Background: Patient engagement (PE) in research refers to partnering with people with lived experience (e.g., patients, caregivers, family) as collaborators in the research process. Although PE is increasingly being recognized as an important aspect of health research, the current state of PE among pain research trainees in Canada is unclear.

Aims: The aims of this study were to describe perspectives about and experiences with PE among trainees conducting pain research in Canada, to identify perceived barriers and facilitators, and to describe recommendations to improve its implementation.

Methods: A cross-sectional web-based survey (English and French) was administered to trainees at any level conducting pain research at any Canadian academic institution.
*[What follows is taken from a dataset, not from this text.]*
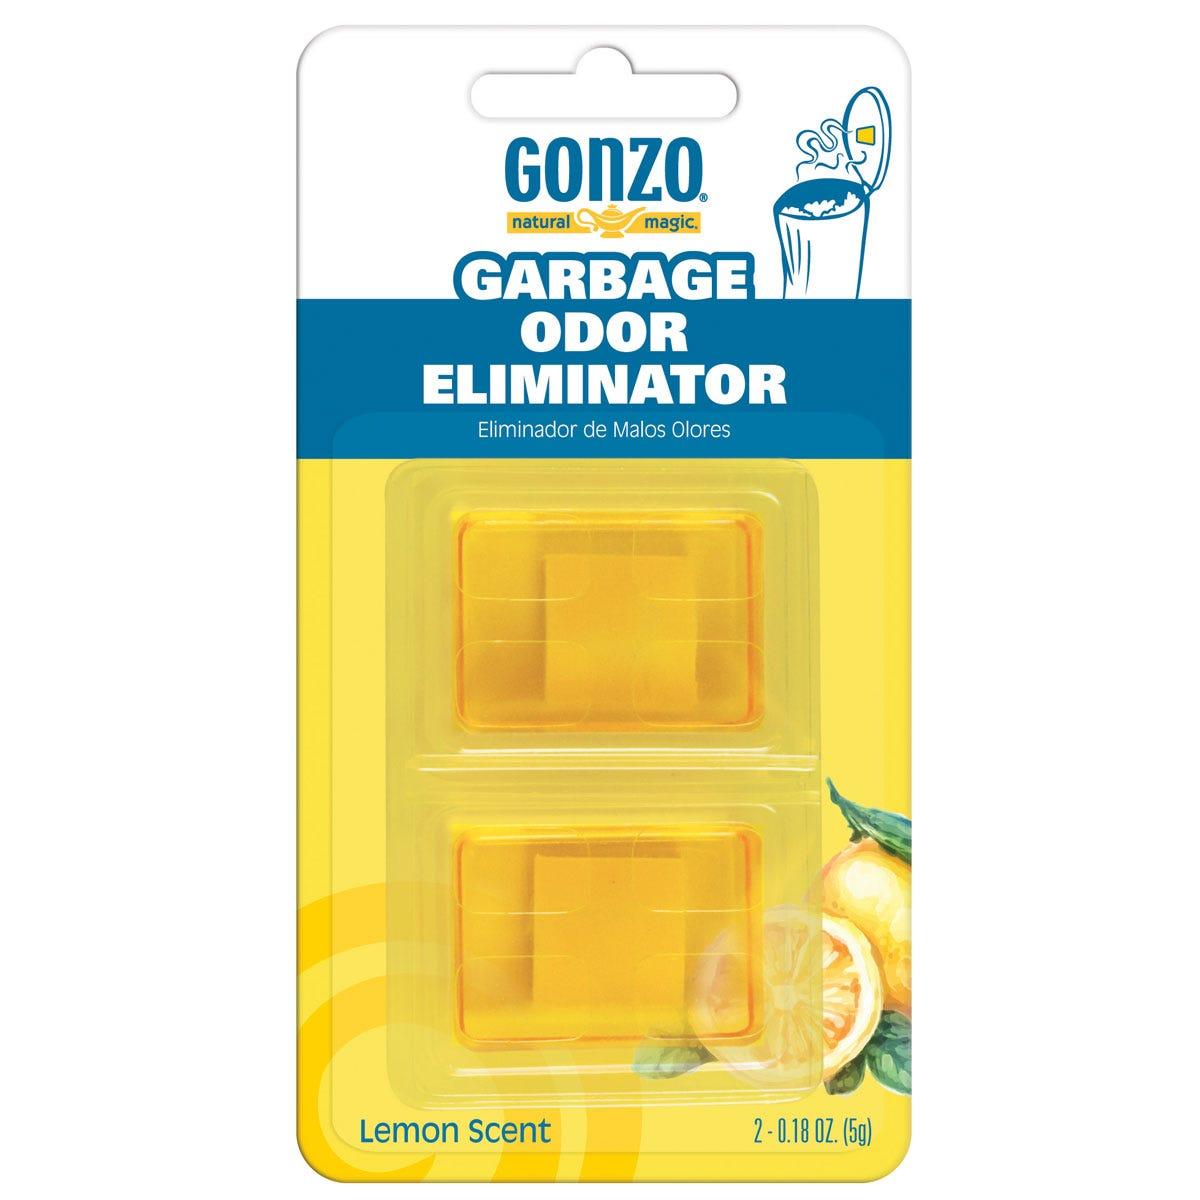 https://googone.com/media/catalog/product/g/a/garbage-odor-eliminator_front_1_6.jpg

Results: A total of 128 responses were received; 115 responses were complete and included in the final analysis. The majority of respondents identified as women (90/115; 78.3%), in graduate school (83/115; 72.2%), and conducting clinical pain research (83/115; 72.2%). Most respondents (103/115; 89.6%) indicated that PE is "very" or "extremely" important. Despite this, only a minority of respondents (23/111; 20.7%) indicated that they "often" or "always" implement PE within their own research. The most common barrier identified was lack of knowledge regarding the practical implementation of PE, and understanding its positive value was the most commonly reported facilitator. Recommendations for improving the implementation of PE were diverse.

Conclusions: Despite viewing PE as important in research, a minority of pain research trainees regularly implement PE. Results highlight perceived barriers and facilitators to PE and provide insight to inform the development of future training and other enabling initiatives.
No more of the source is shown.